In between the Boston Marathon bombings and the devastating explosion in West, Texas last week, Americans also heard about the interception of several pieces of mail meant for President Obama, Senator Roger Wicker, and a Mississippi judge. All contained ricin, a poison made from castor beans. After 30 years of relative obscurity, ricin was back in the news.
This potent killer first made headlines back in 1978 when the dissident Bulgarian writer Georgi Markov was murdered with an umbrella as he waited for a bus in London. The umbrella, rigged with a hidden weapon in the tip, injected a poison capsule under the writer’s skin. Very James Bond.
But ricin’s origins are actually pretty humble: It's an organic compound in castor beans that's removed when the beans are processed in castor oil. Once consumed, ricin enters cells and stops them from making protein, which they need to survive, explains the Centers for Disease Control(CDC). Symptoms usually appear in less than 24 hours and can include—depending on whether ricin was ingested, inhaled, or delivered some other way, as by weaponized umbrella—fever, seizures, fluid in the lungs, and organ failure. Ricin can’t be transmitted person-to-person, but once it enters the body there’s no antidote. The body will fight the poison’s effects, but if the dose was big enough poisoning will lead to death.

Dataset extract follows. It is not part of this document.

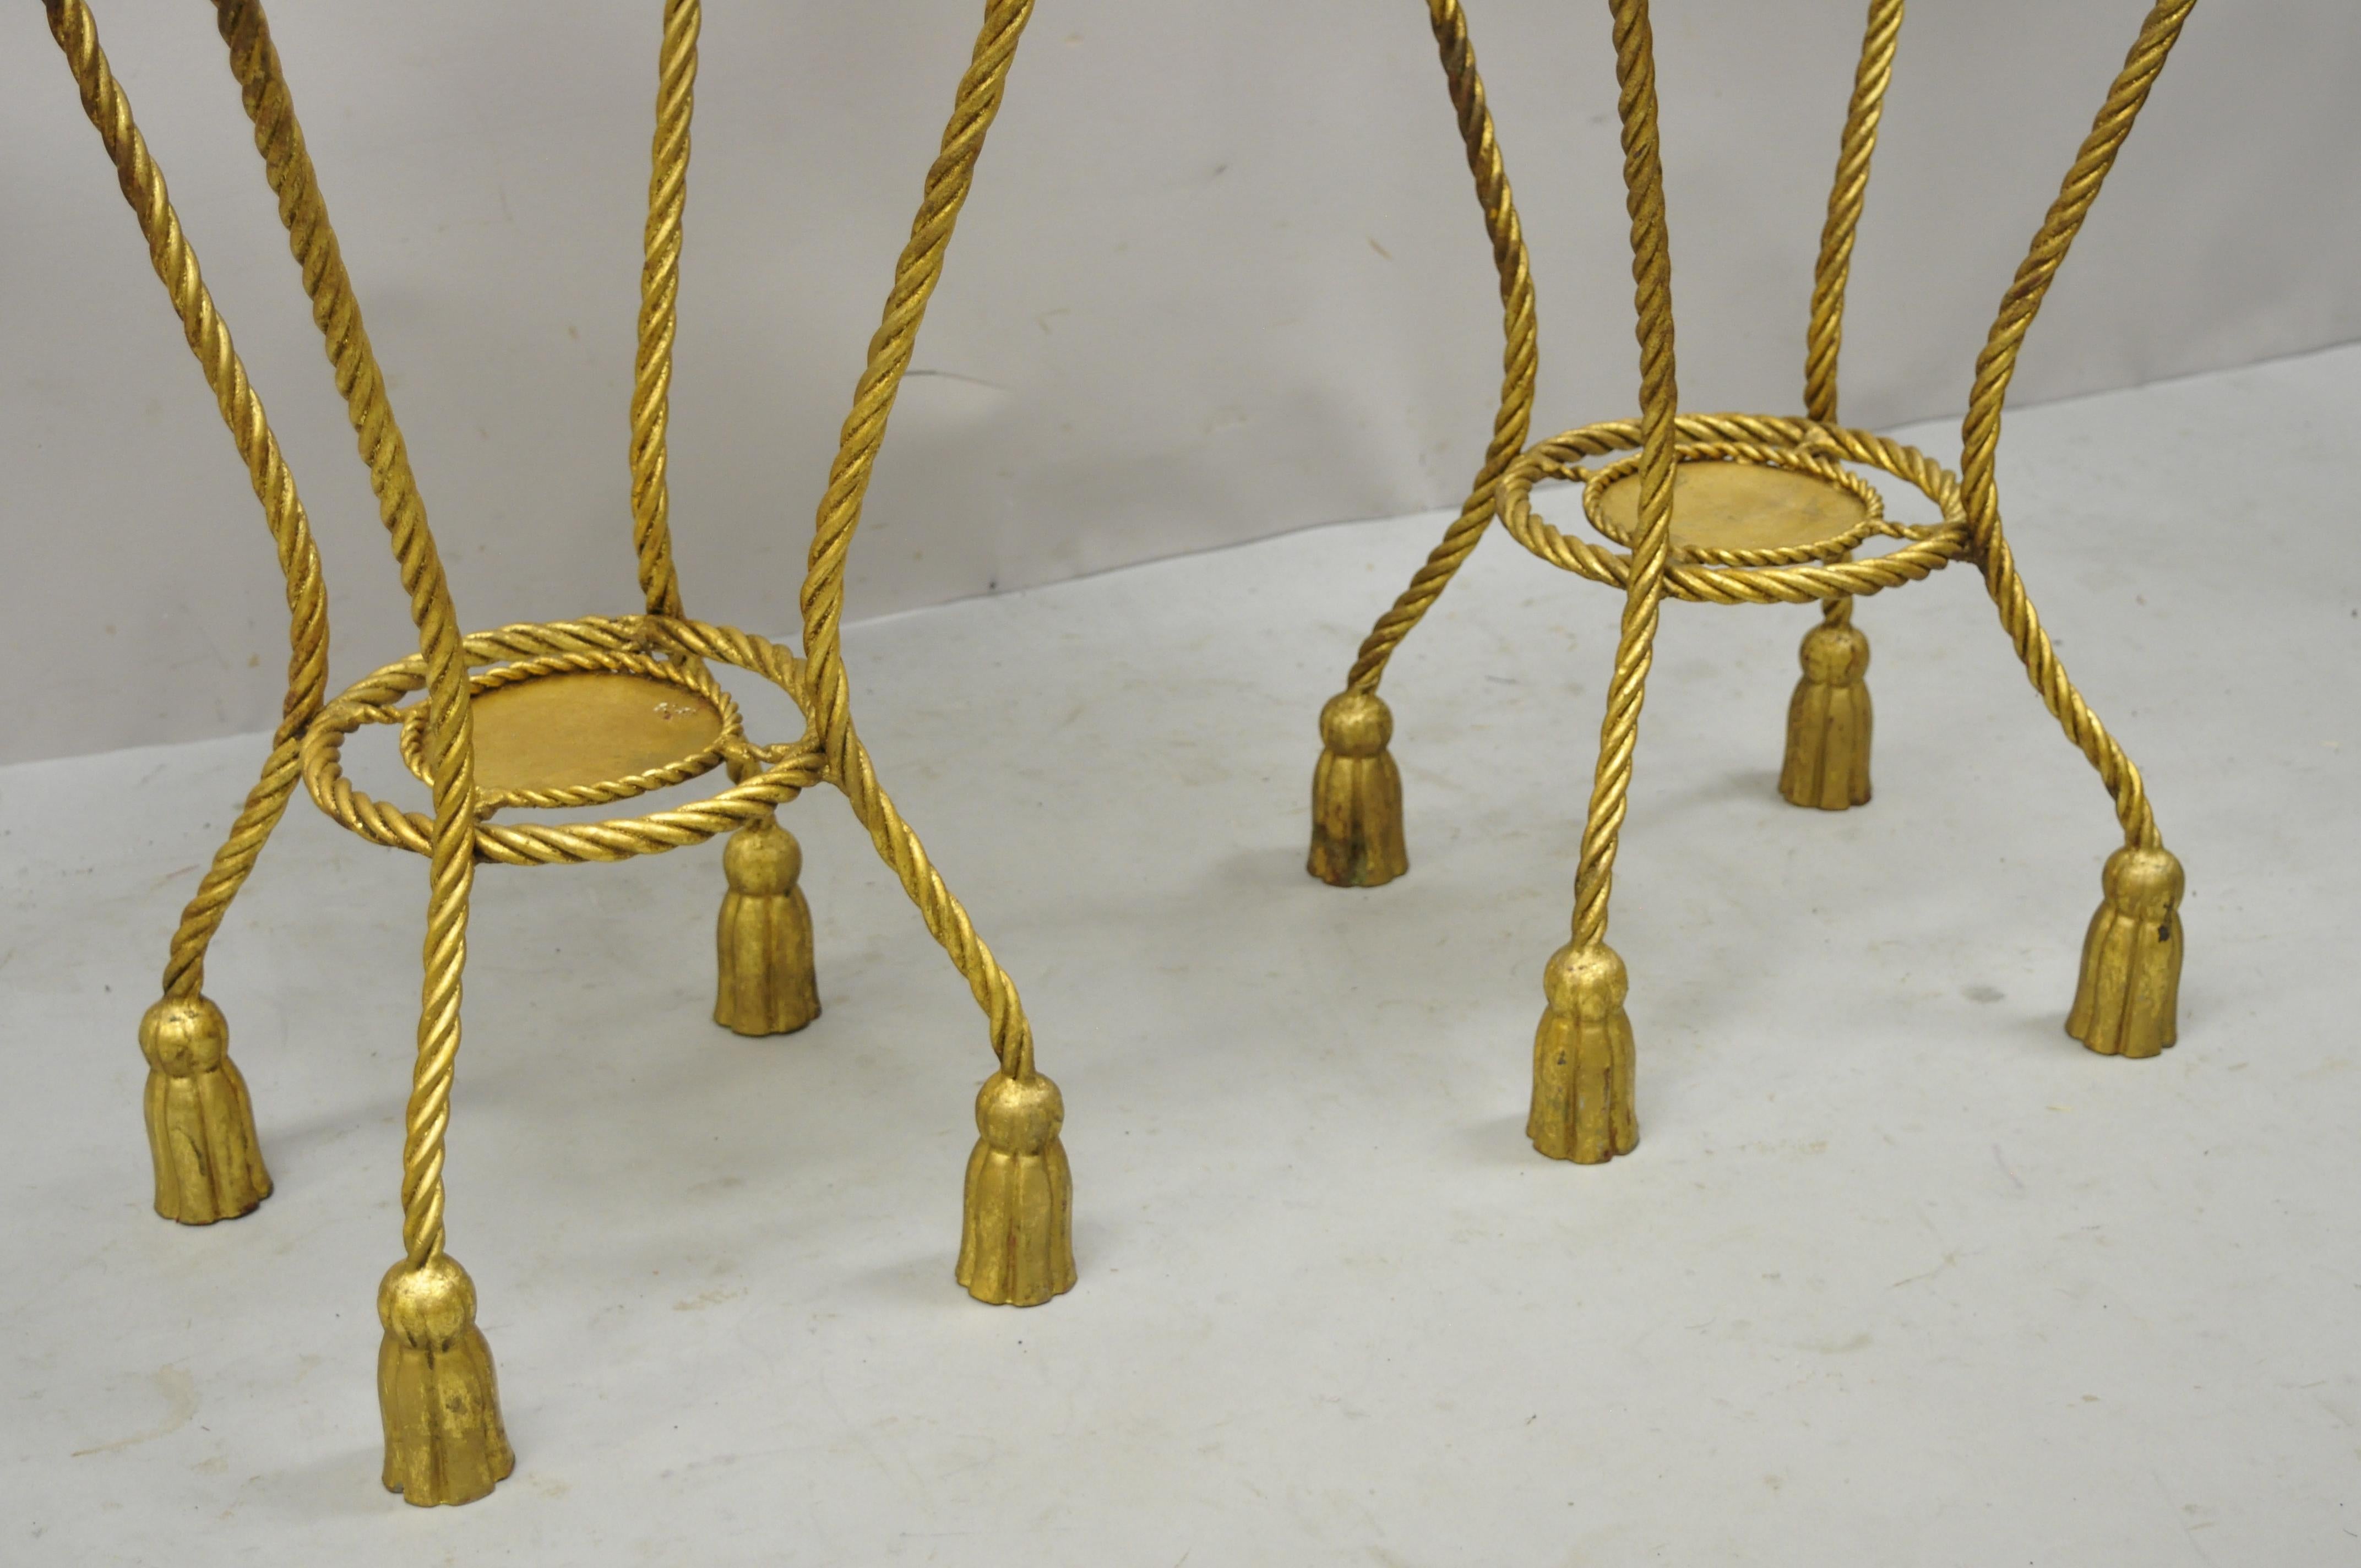 gold pedestal stand
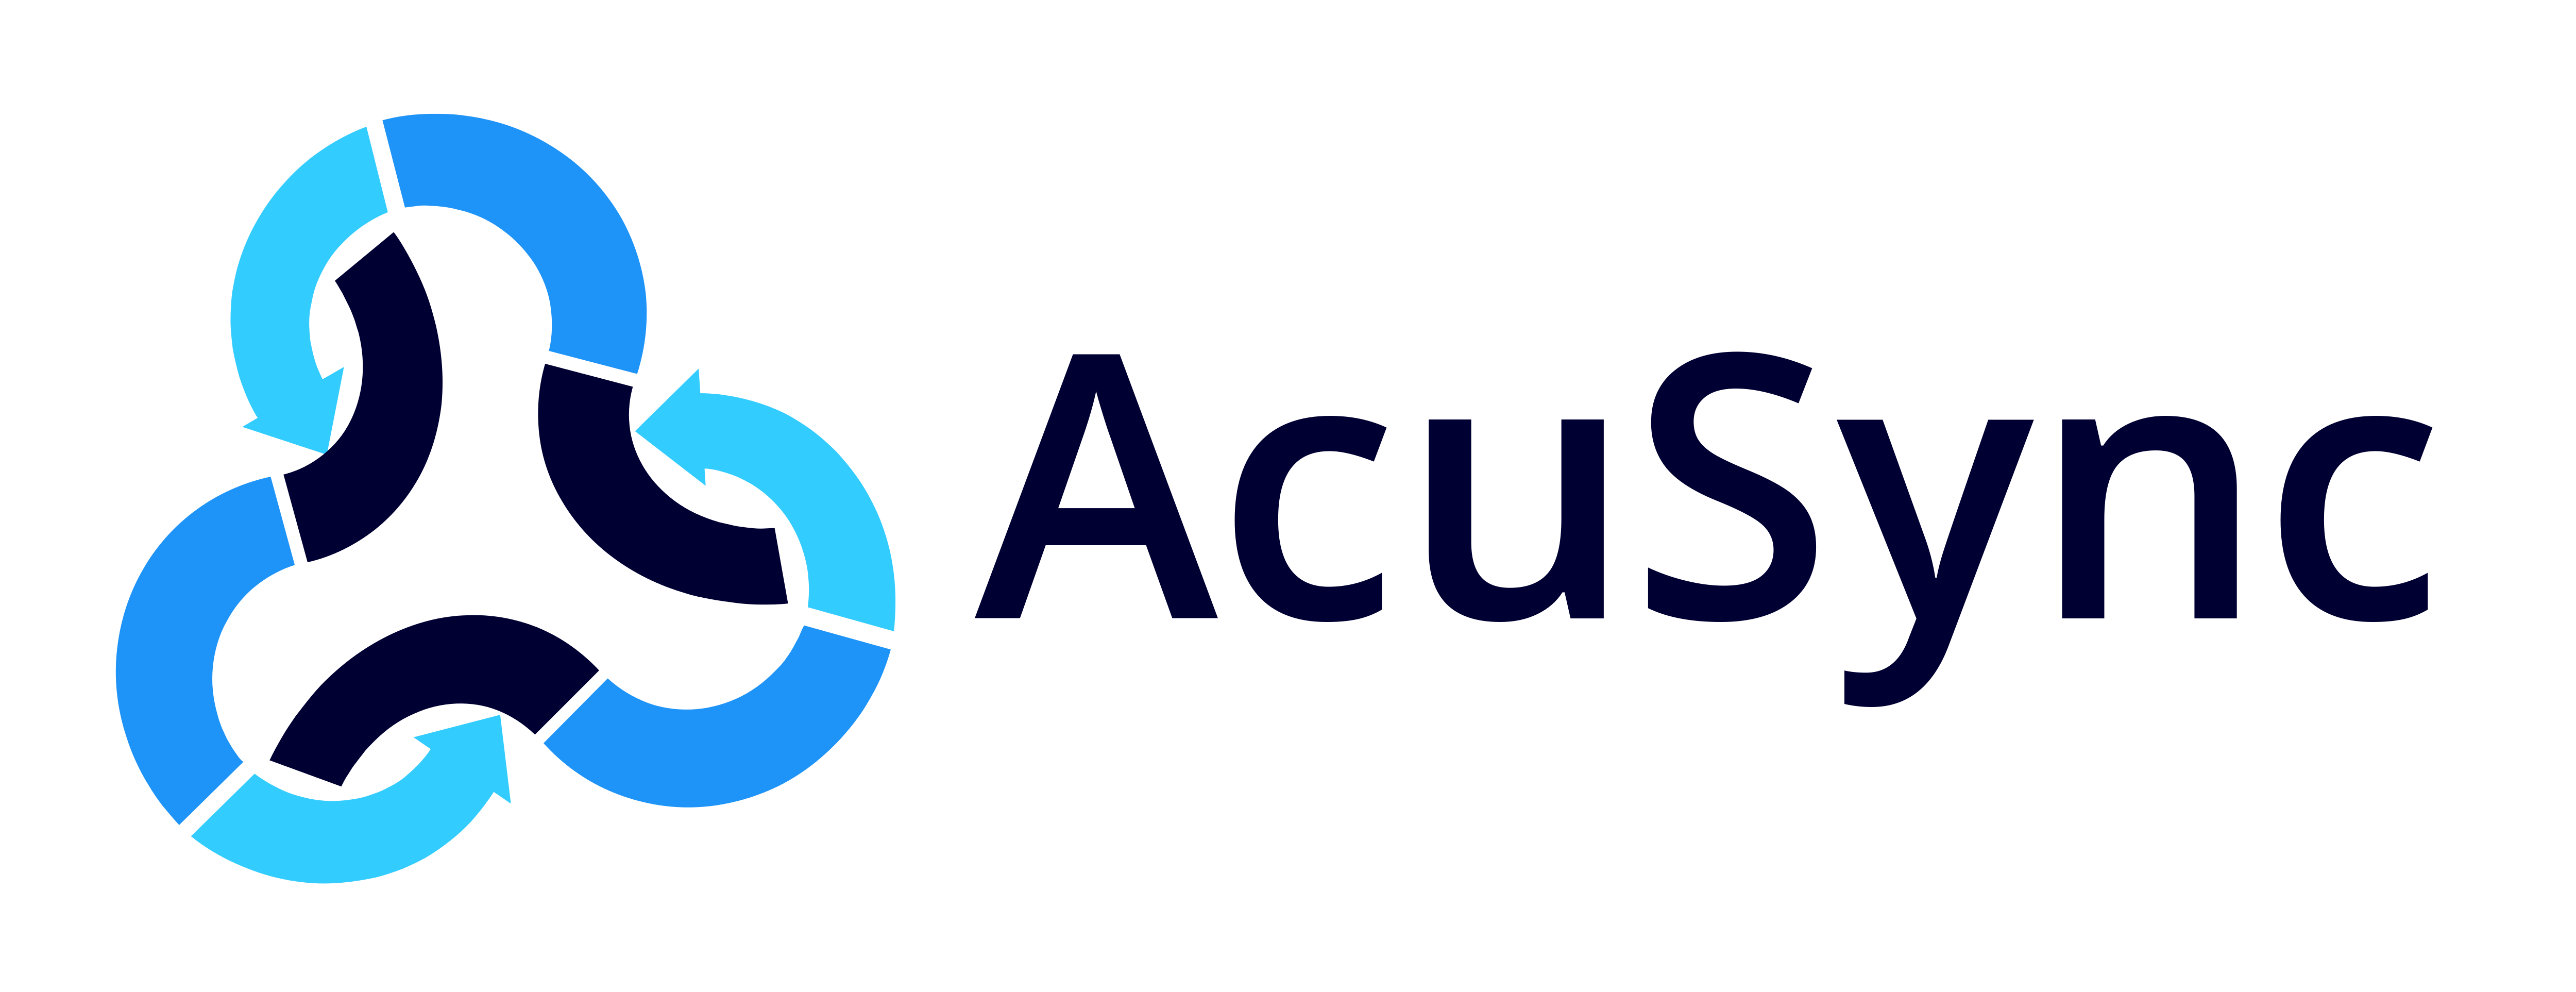 AcuSync - Soluciones innovadoras eclécticas LLC

Fortunately, you can’t poison someone just through skin contact with ricin, so the threat from last week’s letters was probably low. News reports, including CNN, described the poison in the letters as a “loose granular substance,” which would have required the recipient to ingest or inhale traces of the granules to get the desired effect.
The scarier part of this potentially deadly mail delivery is the light it shined on something dreadful about this particular brand of terrorism: Bioterrorism can turn almost anything into a weapon. The CDC defines bioterrorism as “the deliberate release of viruses, bacteria, and other germs (agents) used to cause illness or death.” Instead of bombs bioterrorists use plague; instead of guns they use anthrax. With bioterrorism, the typical instruments we associate with aggression and war are no longer relevant. The source of our fear may be a vial of perfume or a fine white powder—even an umbrella.
So how do we prepare and defend against an attack that could come in a very innocuous—even invisible—form? The model for what we do is similar to how we fight infectious diseases like influenza: For the flu, the CDC coordinates various surveillance operations to monitor illness and creates its weekly FluView report. To prepare for flu outbreaks, the government stockpiles products like vaccines and promotes emergency response preparedness so healthcare workers know exactly what to do if an outbreak happens. For bioterrorism, the Department of Homeland Security runs the National Biosurveillance Integration Center, which watches for trends in high-threat diseases. Homeland Security also works to improve rapid response by implementing emergency readiness, quarantine, and mass protocols to protect the public in case of an attack.
The CDC categorizes potential bioterror agents by class: Class A—the highest priority—are diseases that can be transmitted between people and have high mortality rates, such as anthrax and smallpox. Class B and Class C aren’t nearly so scary; in fact, they only require enhanced surveillance, not action to protect the public.
The perceived reduced threat for agents that aren’t in Class A points up a paradox about bioterrorism: While bioterrorists successfully turn mundane objects into weapons, the weapons are often better at producing fear than actual fatalities. Ricin, which is a Class B bioterror agent, is actually responsible for only one death in history—the unfortunate Mr. Markov.
For now, any focus on preparedness will likely be focused on those potentially devastating Class A agents, which in addition to smallpox and anthrax also include botulism, plague, tularemia, and viral hemorraghic fevers, like the Ebola and Marburg viruses. A scary line-up, for sure.